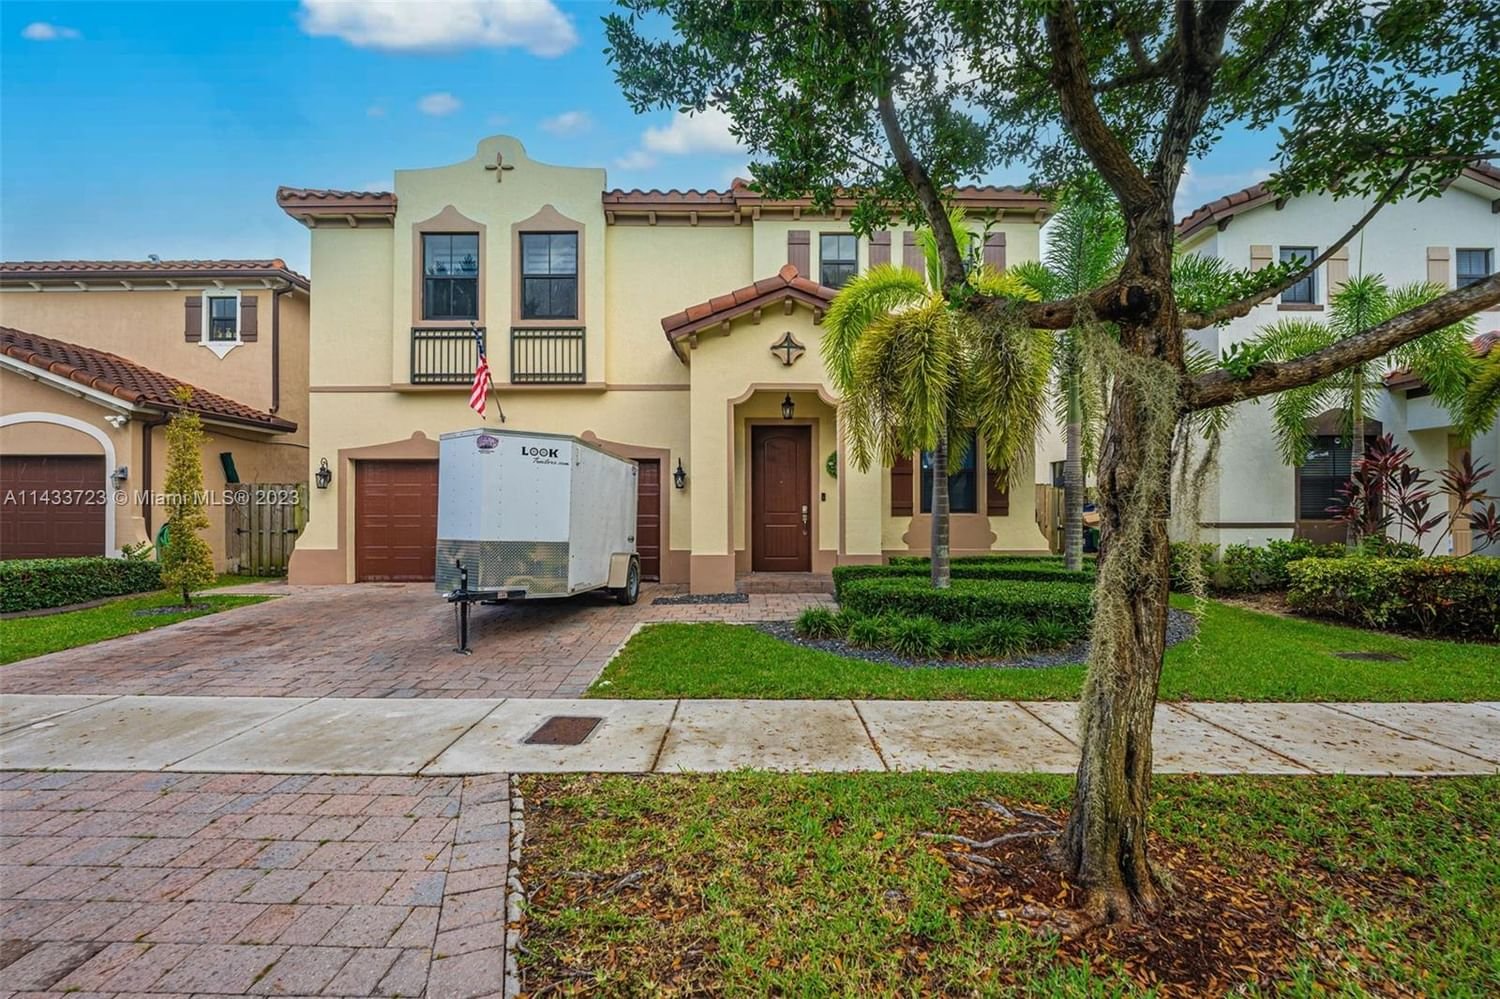 Real estate property located at 15258 173rd Ln, Miami-Dade County, Miami, FL
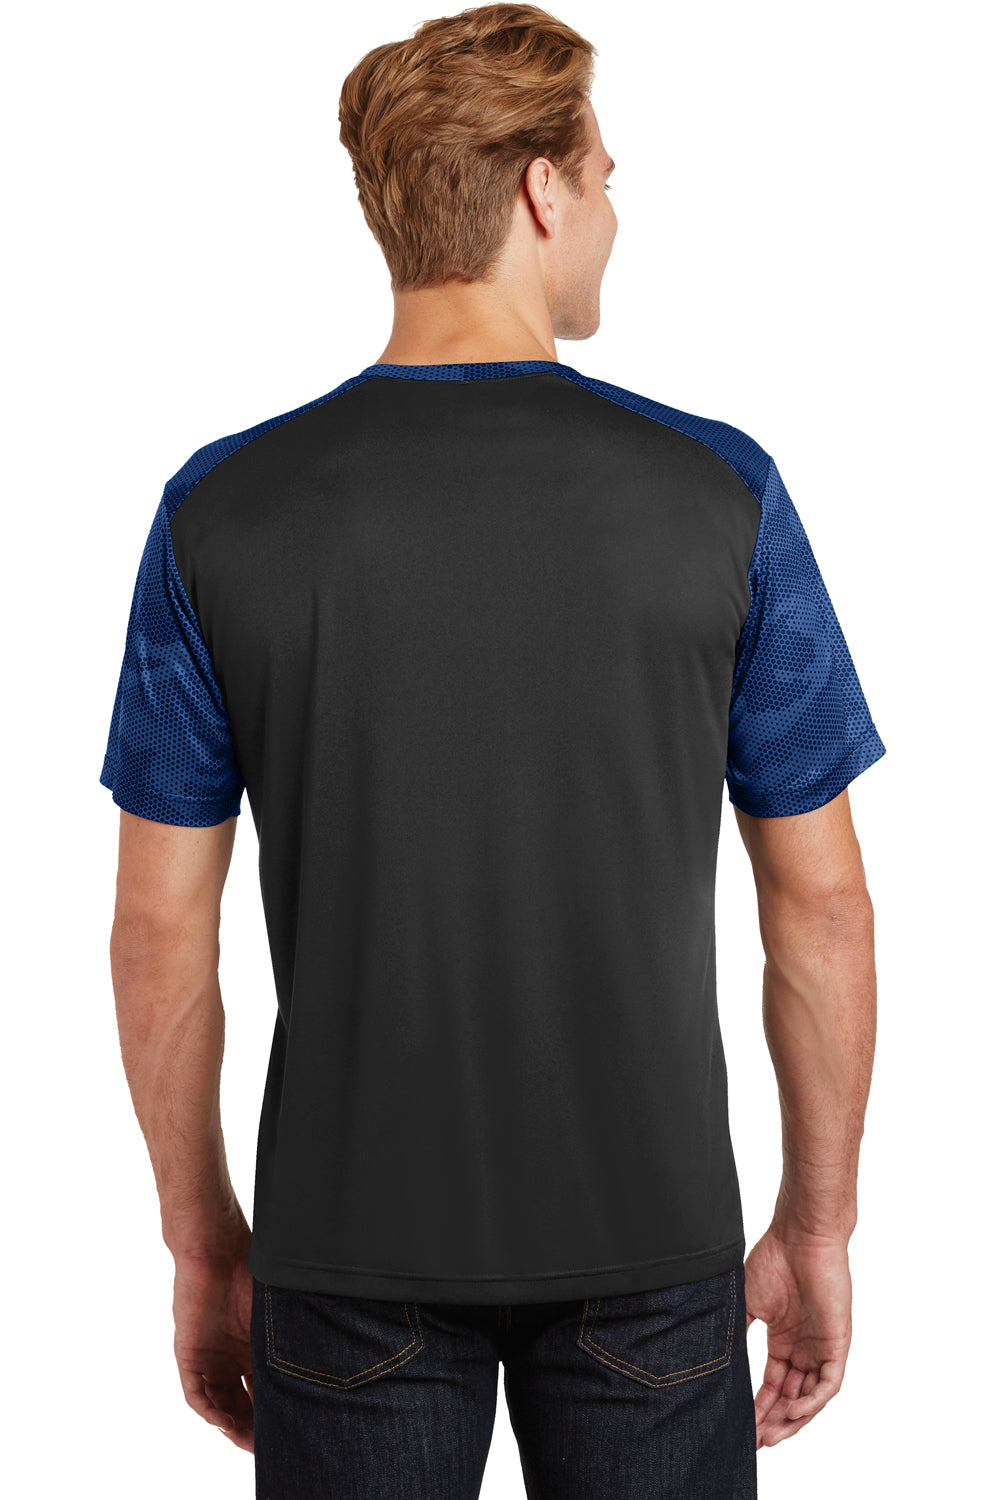 Sport-Tek ST371 Mens CamoHex Moisture Wicking Short Sleeve Crewneck T-Shirt Black/Royal Blue Back
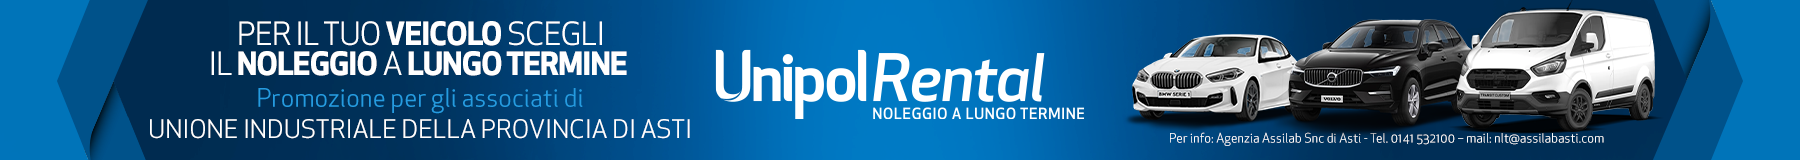 banner Unipol Rental
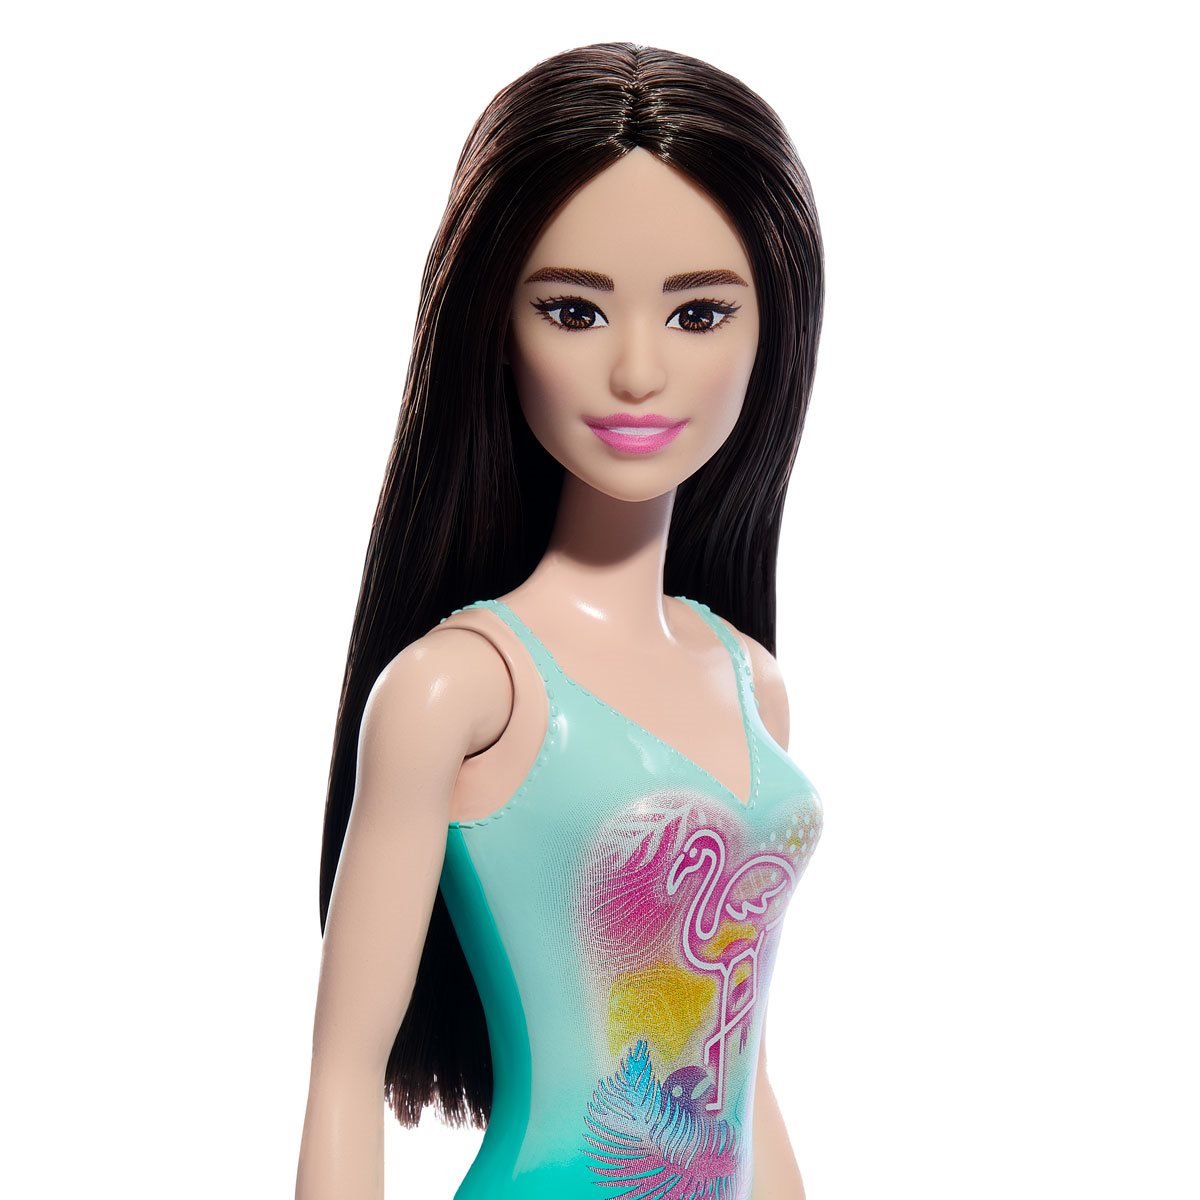 Image result for metallic barbie bodysuit
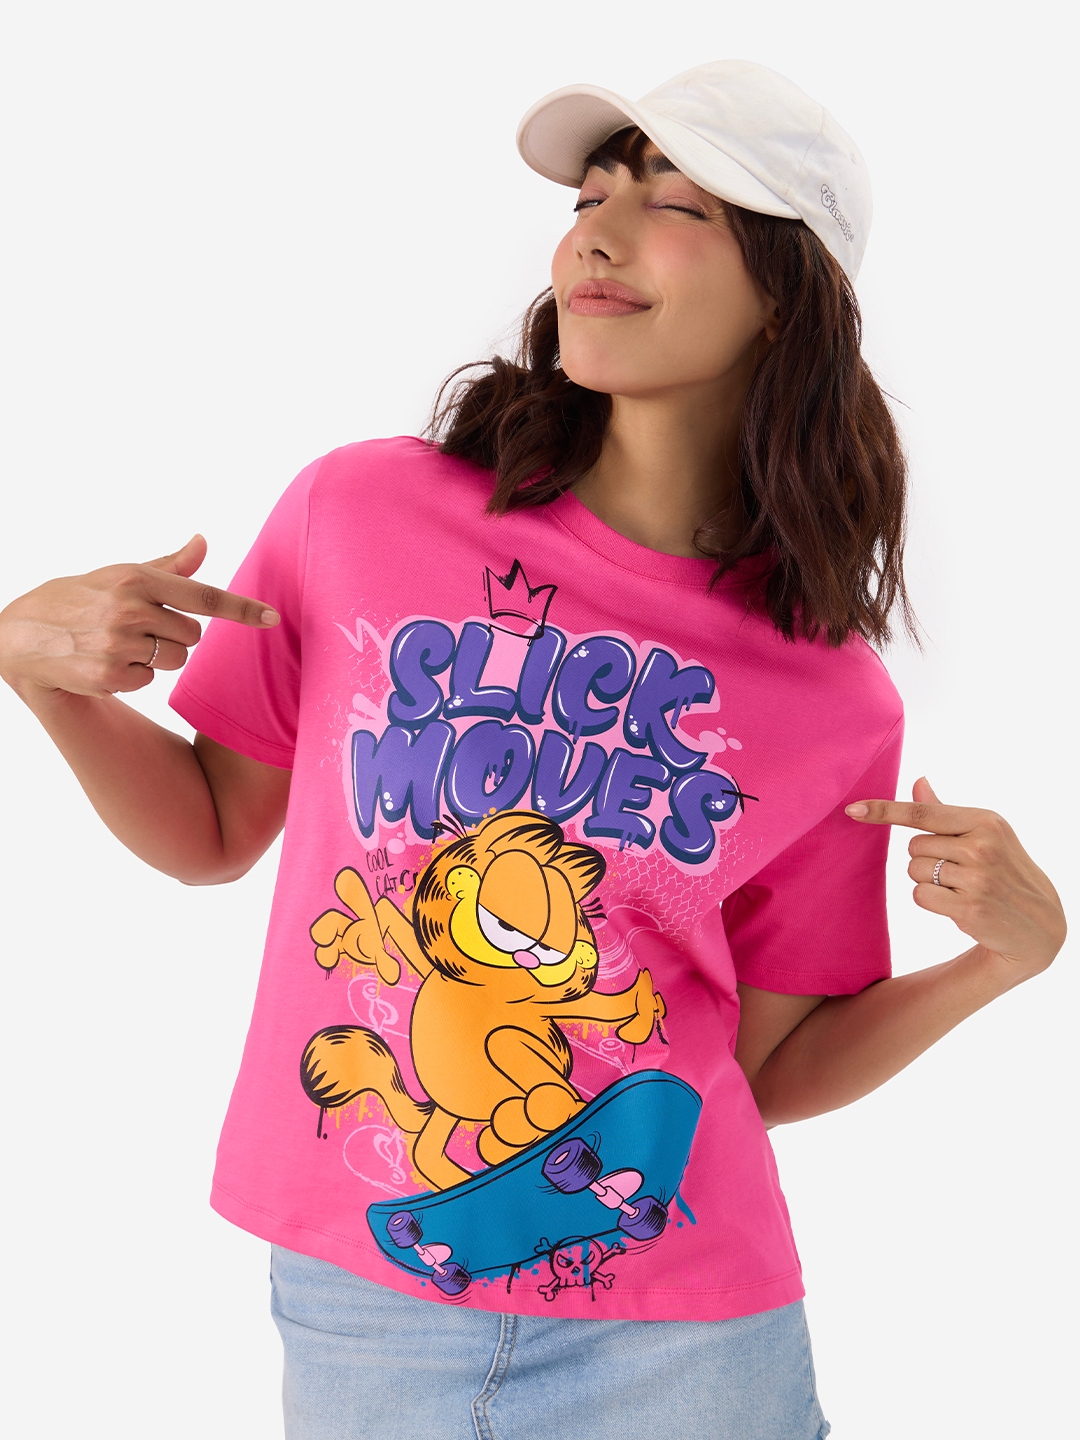 Women's Garfield: Slick Moves Women's Relaxed Fit T-Shirt

■ ■ ■

§ The task
Reproduce the final stretch of lines exactly: the line containing "banner Unipol Rental" through the last line of the data, both included. Pictures do not belong in the copy.

§ Response to this task
 banner Unipol Rental
 Image result for metallic barbie bodysuit
 Women's Garfield: Slick Moves Women's Relaxed Fit T-Shirt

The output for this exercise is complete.